Work item:
What is needed is a verbatim copy of the data, minus the pictures.

Raw data:
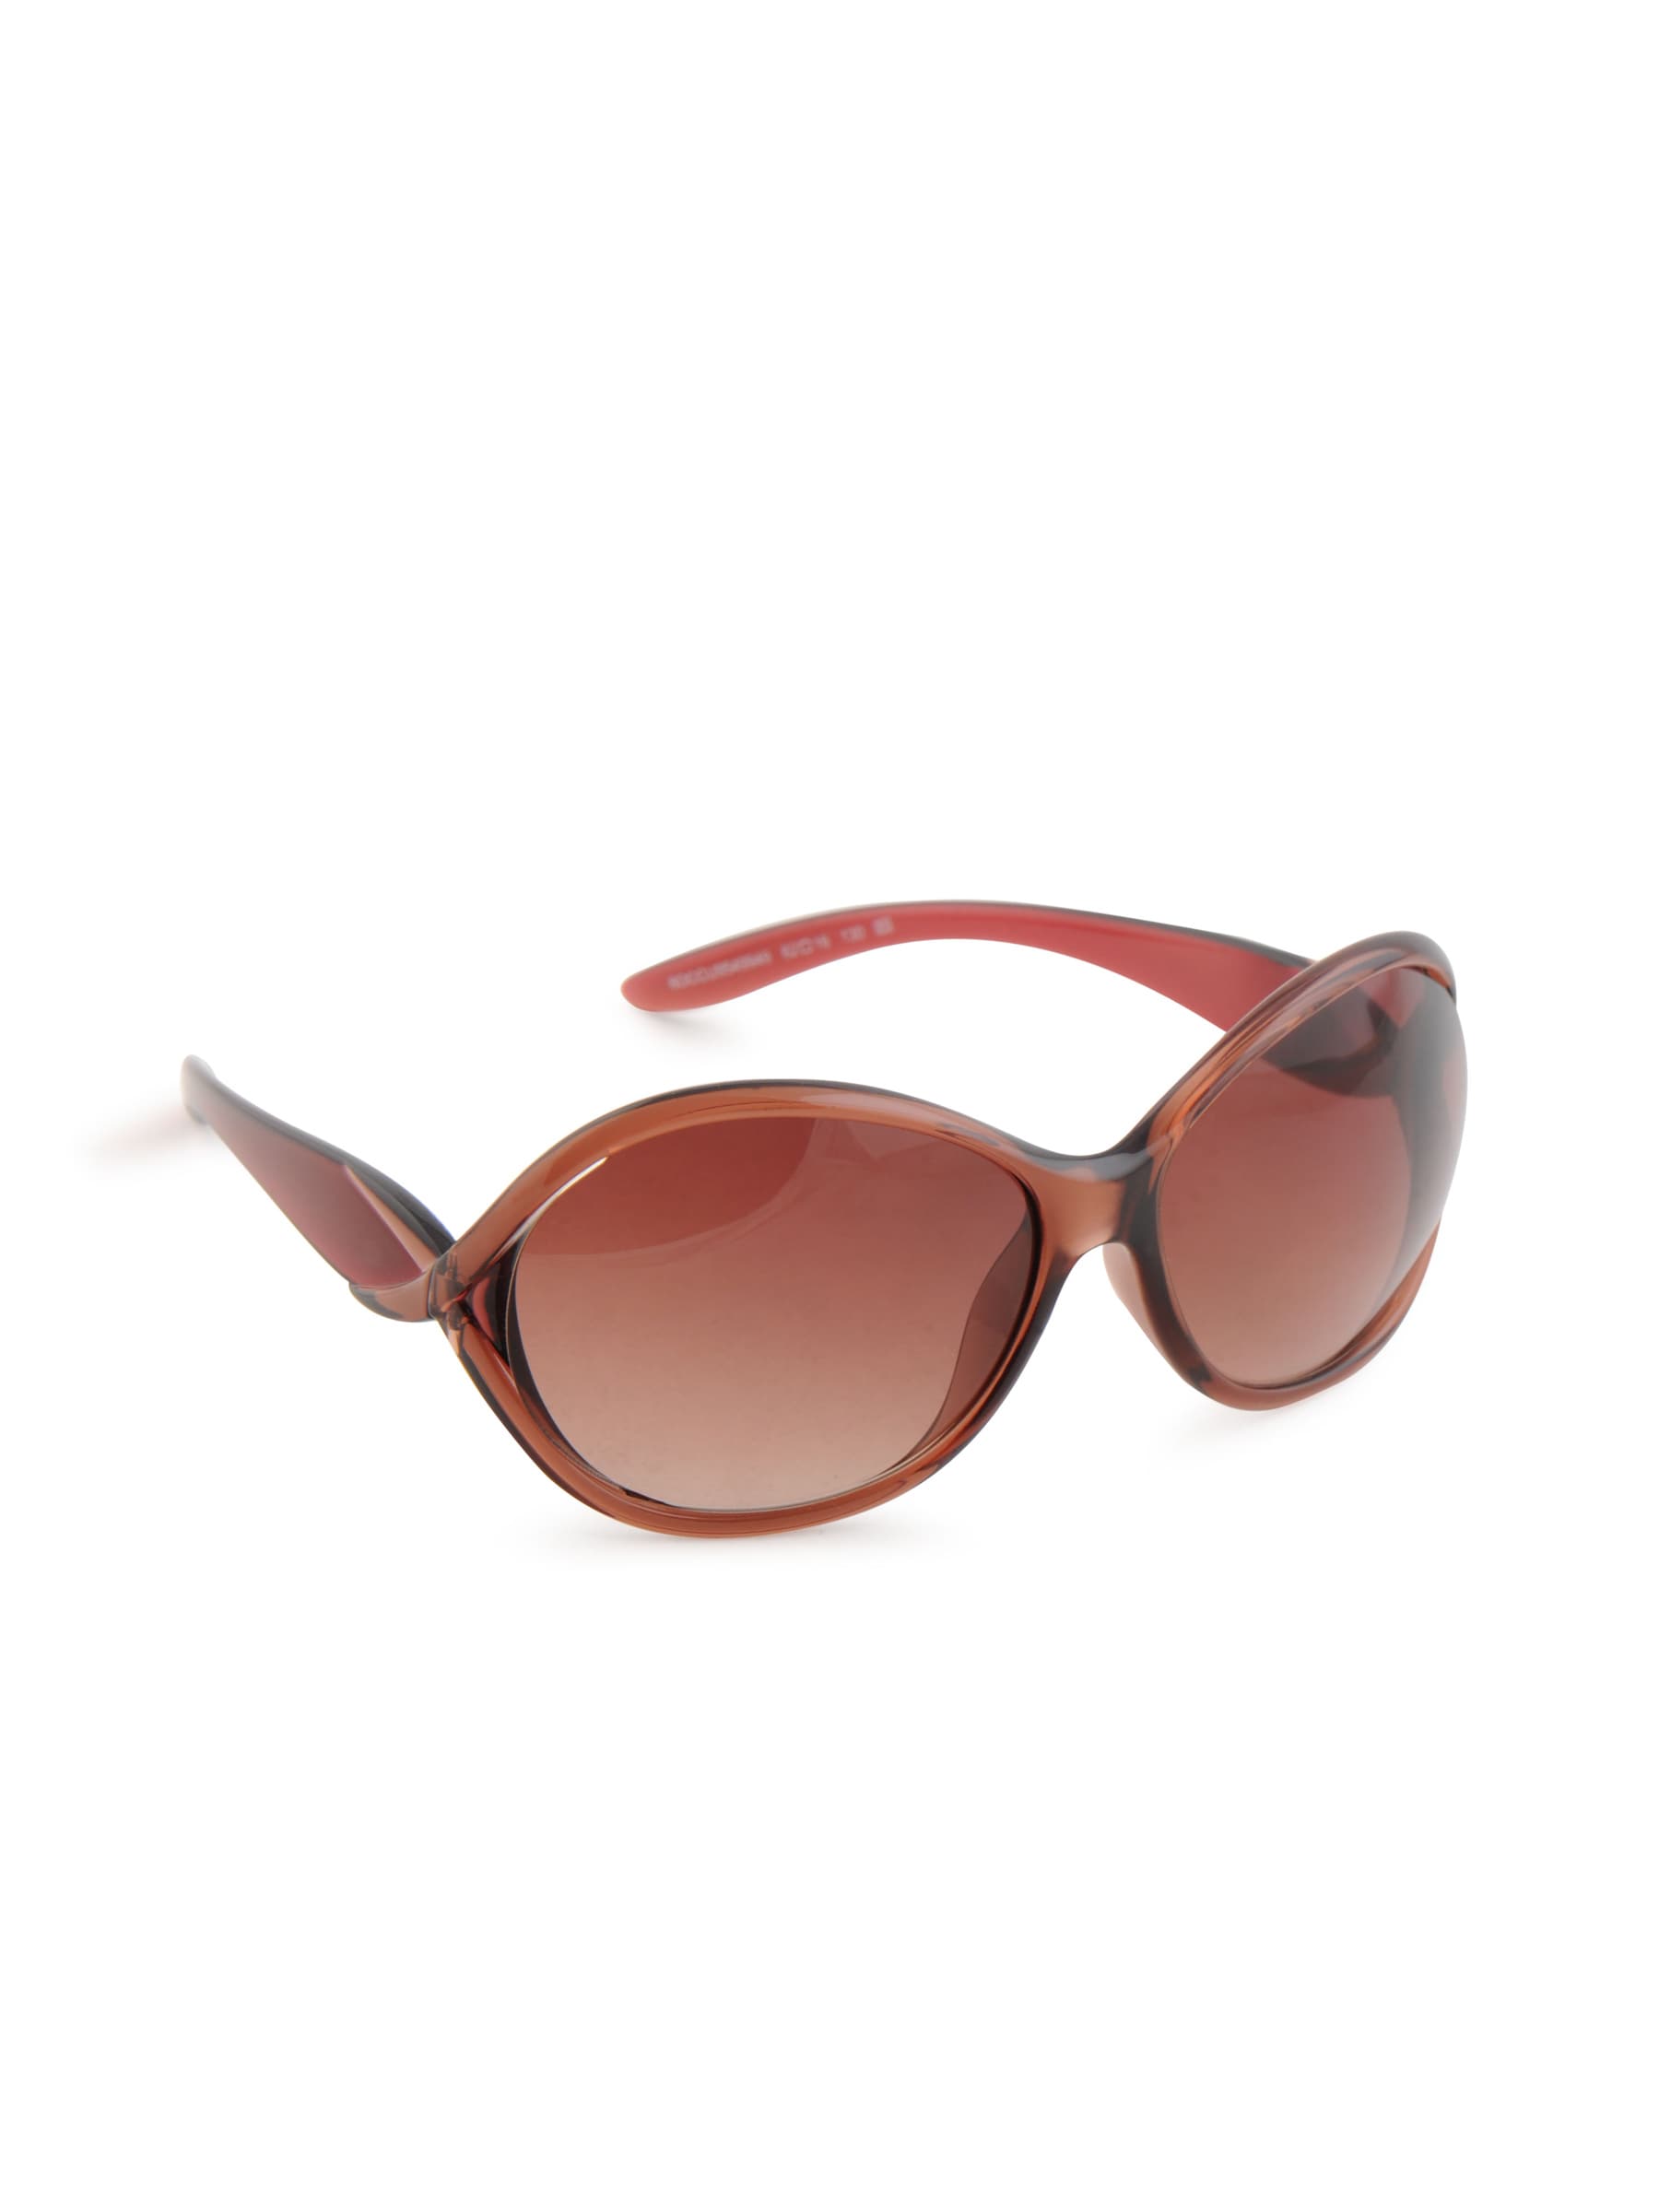 United Colors of Benetton Women Casual Brown Sunglasses
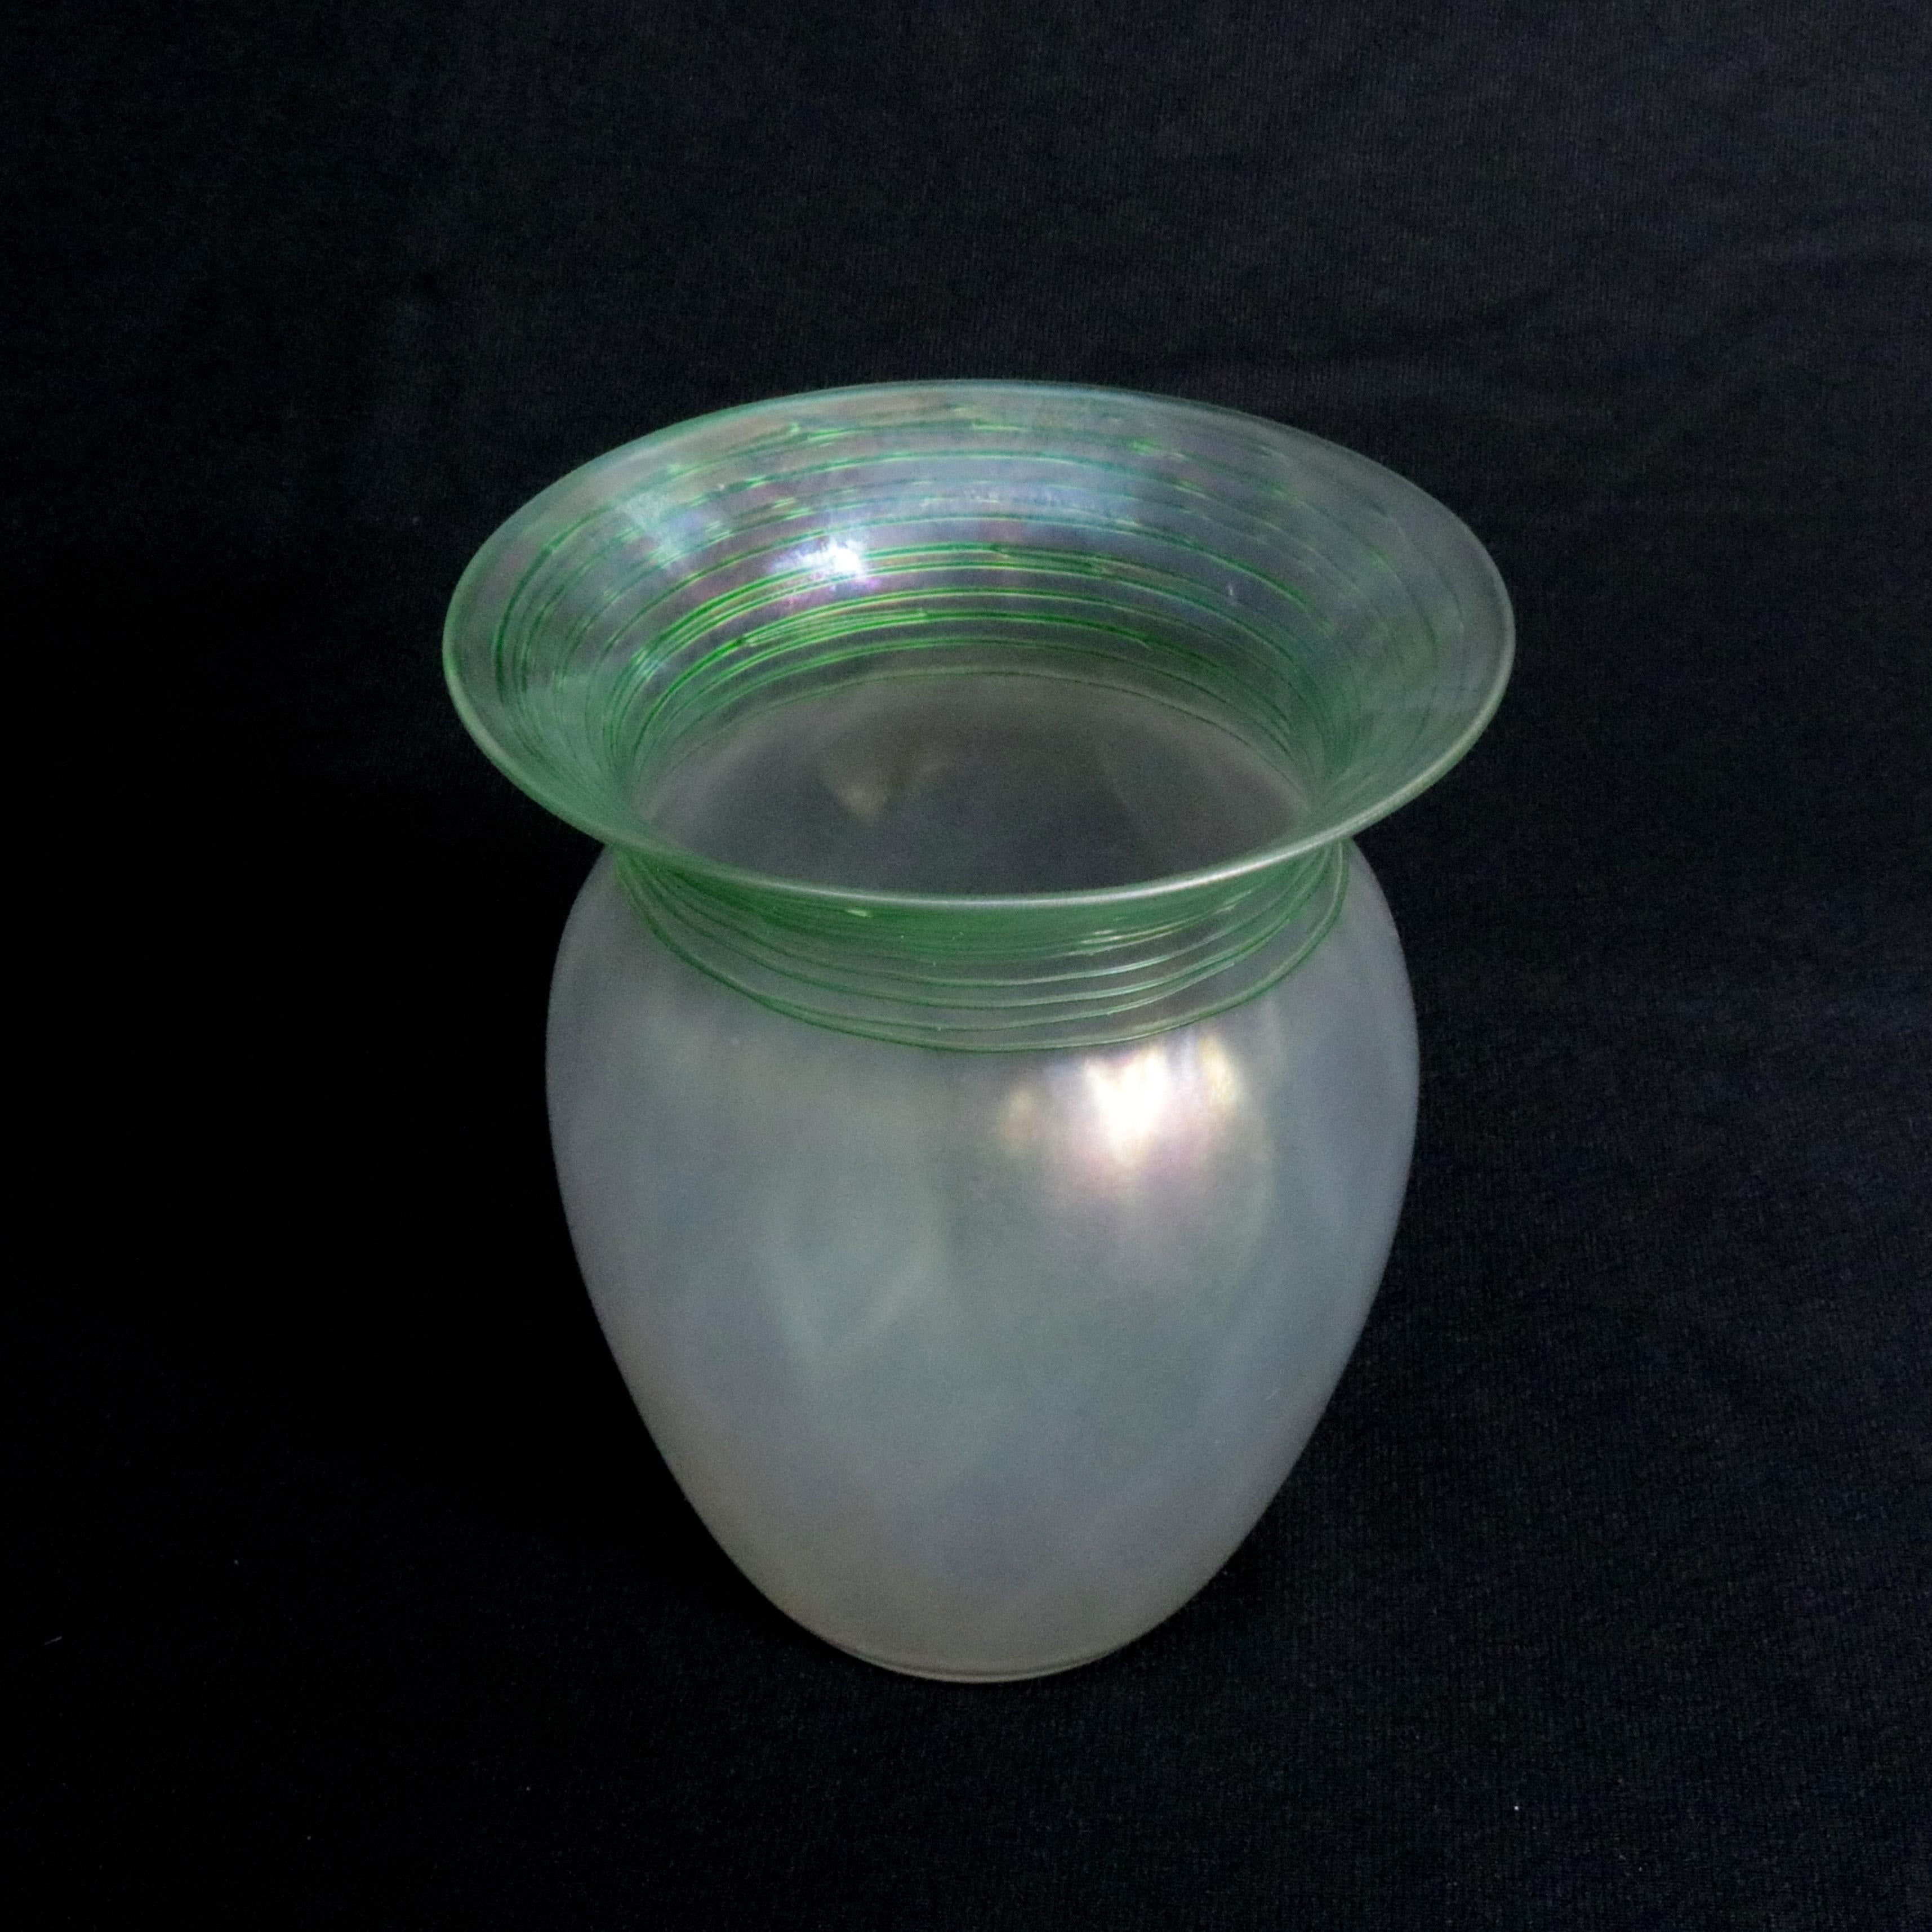 An antique vase by Steuben offers baluster shape in Verre de Soie art glass having optic applied green threading around flared neck with wide opening surmounting paneled vessel, polished pontil, signed with acid etched Steuben as photographed, early
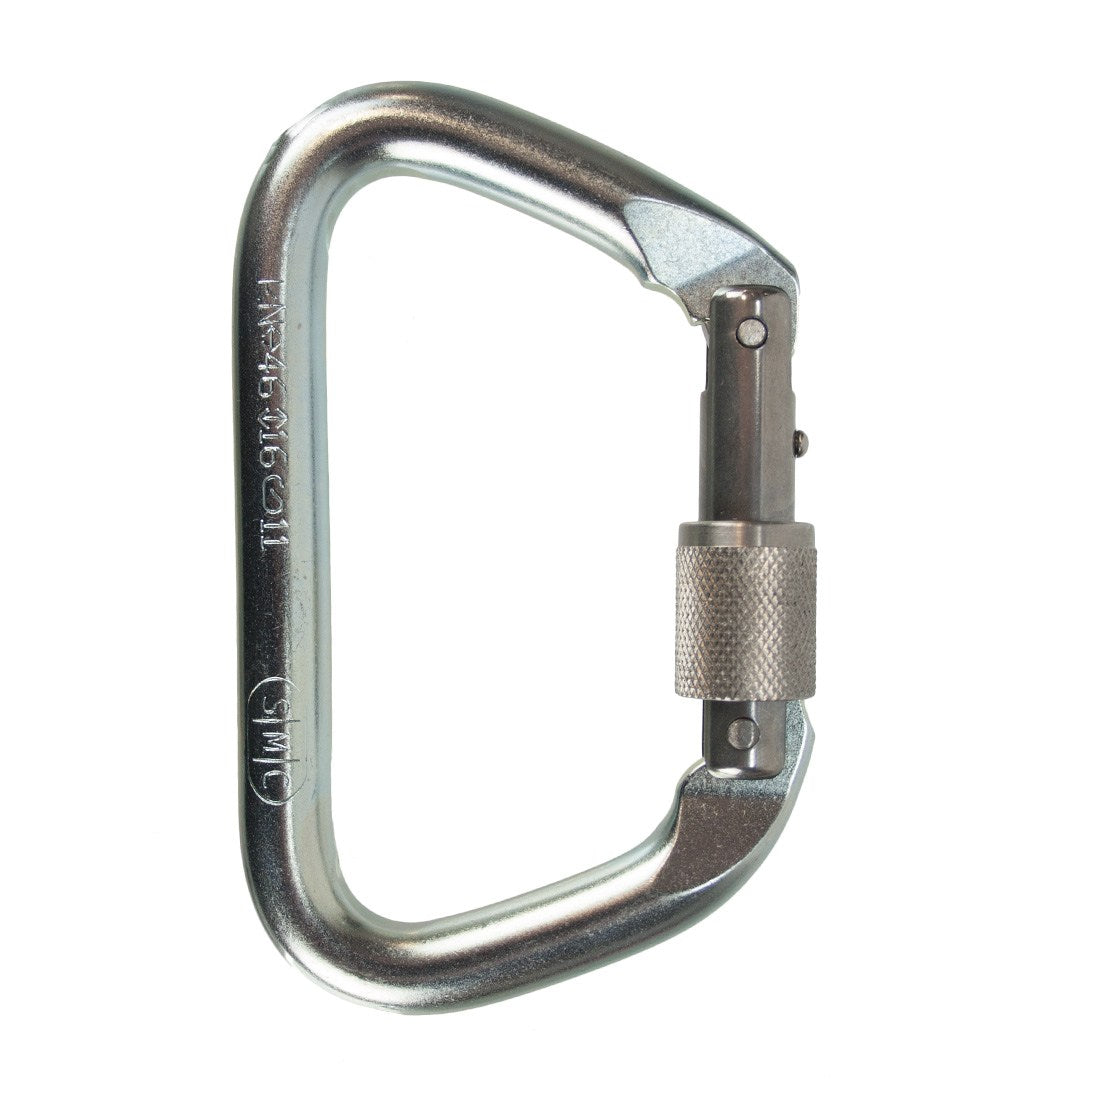 SMC Steel Locking Carabiner - Large - Right Side View

Reply to the task:
 United Colors of Benetton Women Casual Brown Sunglasses
 An antique vase by Steuben offers baluster shape in Verre de Soie art glass having optic applied green threading around flared neck with wide opening surmounting paneled vessel, polished pontil, signed with acid etched Steuben as photographed, early
 SMC Steel Locking Carabiner - Large - Right Side View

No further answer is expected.